El otro se detuvo, pero no se volvió mientras Zolin añadía con desprecio:
—La utilizas. Está claro que la proteges y la cuidas porque te conviene.
Juan entonces se giró y fue hacia él con paso imperioso. Por el porte tenso de su cuerpo y los puños, temió que fuera a pegarle, pero se detuvo con los brazos en jarras y la mirada retadora.
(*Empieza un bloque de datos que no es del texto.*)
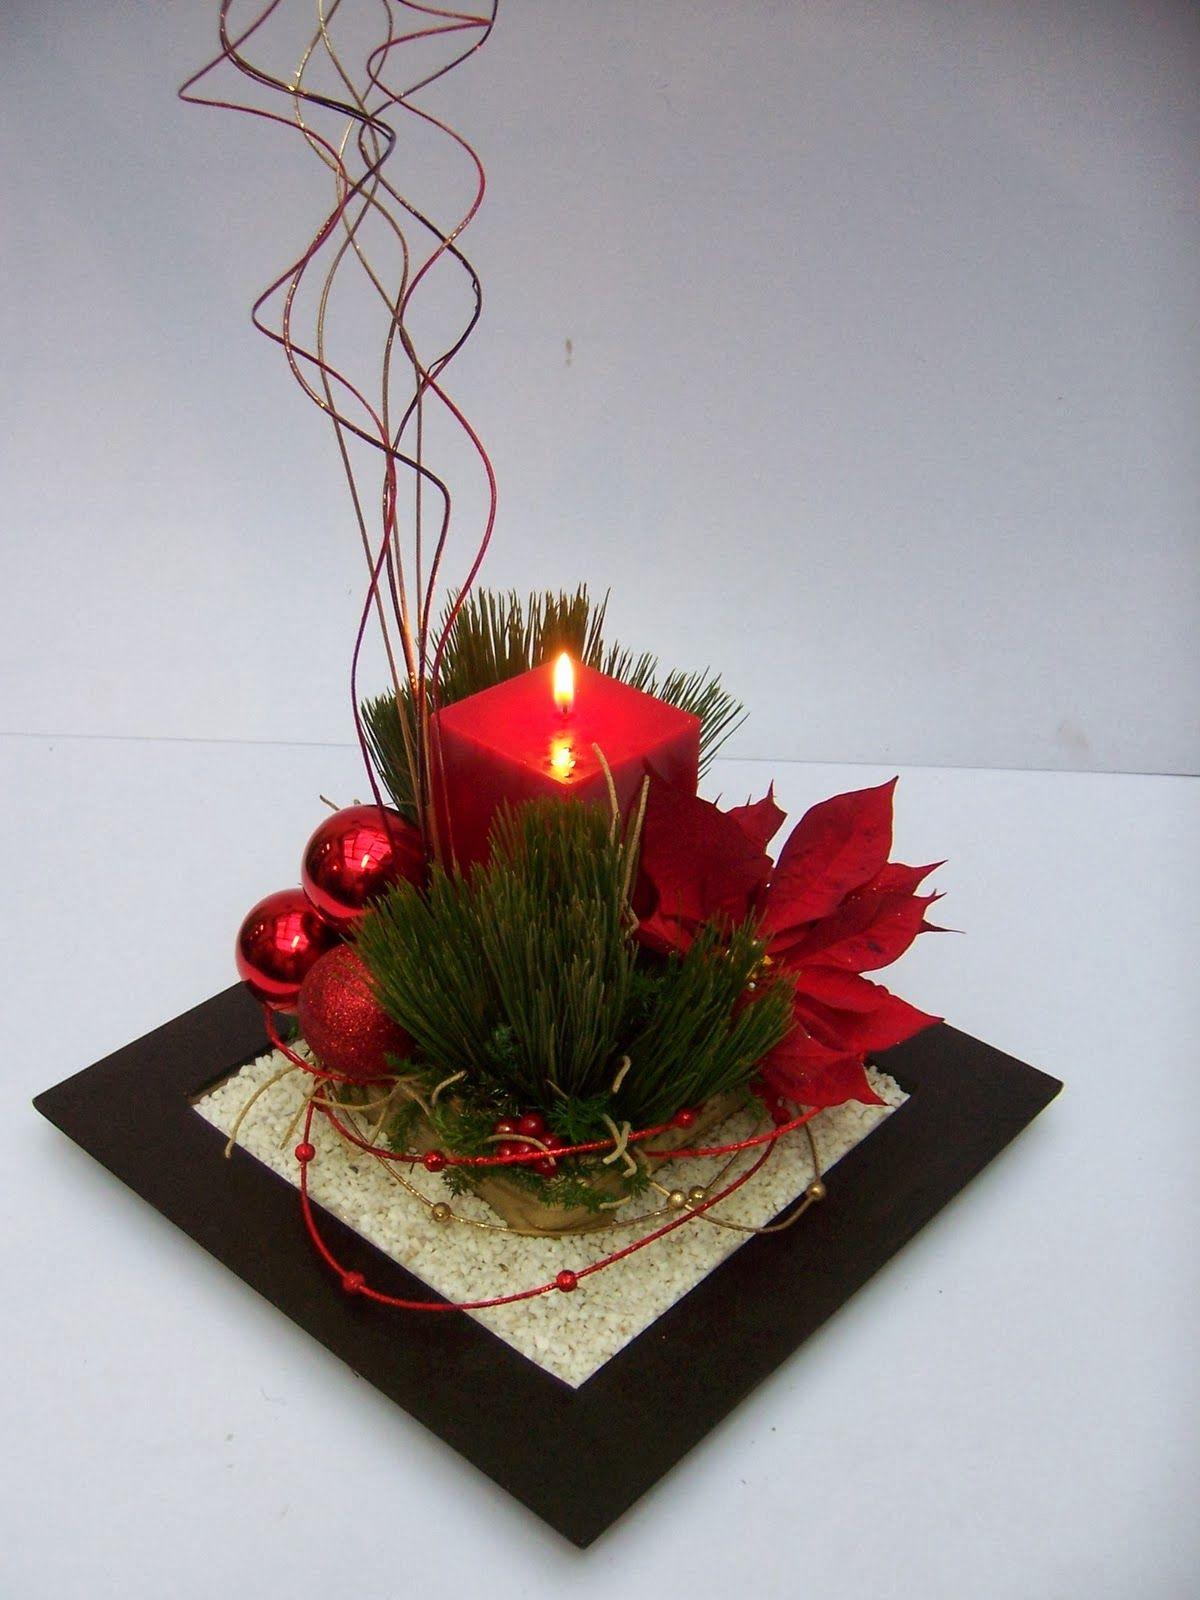 Centros de mesa navide os buscar con google decoraci n for Adornos originales para navidad

—Está ayudando a su pueblo —aseveró.
Zolin apretó los labios, furioso.
—¡Claro! Por eso a ella, a una antigua sacerdotisa, la pusiste bajo la tutela de fray Antonio, ¿no? Porque así ayuda a su pueblo, no a ti, desde luego —exclamó mientras sujetaba un puño cerrado con su otra mano—. Porque a eso juegas. Quieres que siga soltera y casta, como en el templo, para que el pueblo vea a la sacerdotisa de Xochiquetzal. Por eso van a misa. Al fin y al cabo, ella hace lo mismo que hacía durante los ritos dedicados a la diosa. La gente no acude porque ame la nueva religión, sino por ella, por la hija del último tlatoani de la ciudad, su último vínculo con los antiguos dioses y la antigua vida.
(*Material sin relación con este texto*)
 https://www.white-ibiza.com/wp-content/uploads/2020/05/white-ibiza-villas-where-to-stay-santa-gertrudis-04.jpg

—¡Y funciona! —le espetó Juan mientras gesticulaba por encima de su cabeza—. ¿No escuchas lo que te he explicado mil veces? ¡Mataron al primo de Cortés como si fuera un vulgar pavo! ¿Por qué te crees que tuve que volver? No te tomo por tonto, Santiago, nunca te tomaría por tonto. Pero tampoco miento cuando digo que Carmen está ayudando a su pueblo. —Bajó los brazos y, en un intento de controlarse, casi musitó—: Sabes que nuestro verdadero señor, Pedro Solís… Bueno, ya lo oíste jactarse de la muerte de Cortés en tu propio bautizo. Y lo hizo mirándome, porque me sabe amigo de Ixtlilxochitl. Era como si dijera: ya no tienes protector. No podíamos darle motivos de reproche. Jamás los tuvo por los tributos, hiciste bien el trabajo en mi ausencia, pero la nueva religión… Teníamos que llenar la iglesia, y Carmen lo ha conseguido. Podríamos decir que al final Dios, a través de una sacerdotisa que ellos consideran pagana, nos ha protegido.
Zolin suspiró, arrepentido del desprecio que se había apoderado de él hacía un instante.
—¿Y tú la consideras pagana? —preguntó mirándolo a los ojos.
Una sombra de ternura cruzó la mirada de Juan.
—No ha traicionado a la diosa, Zolin, no la lleves tú a hacerlo.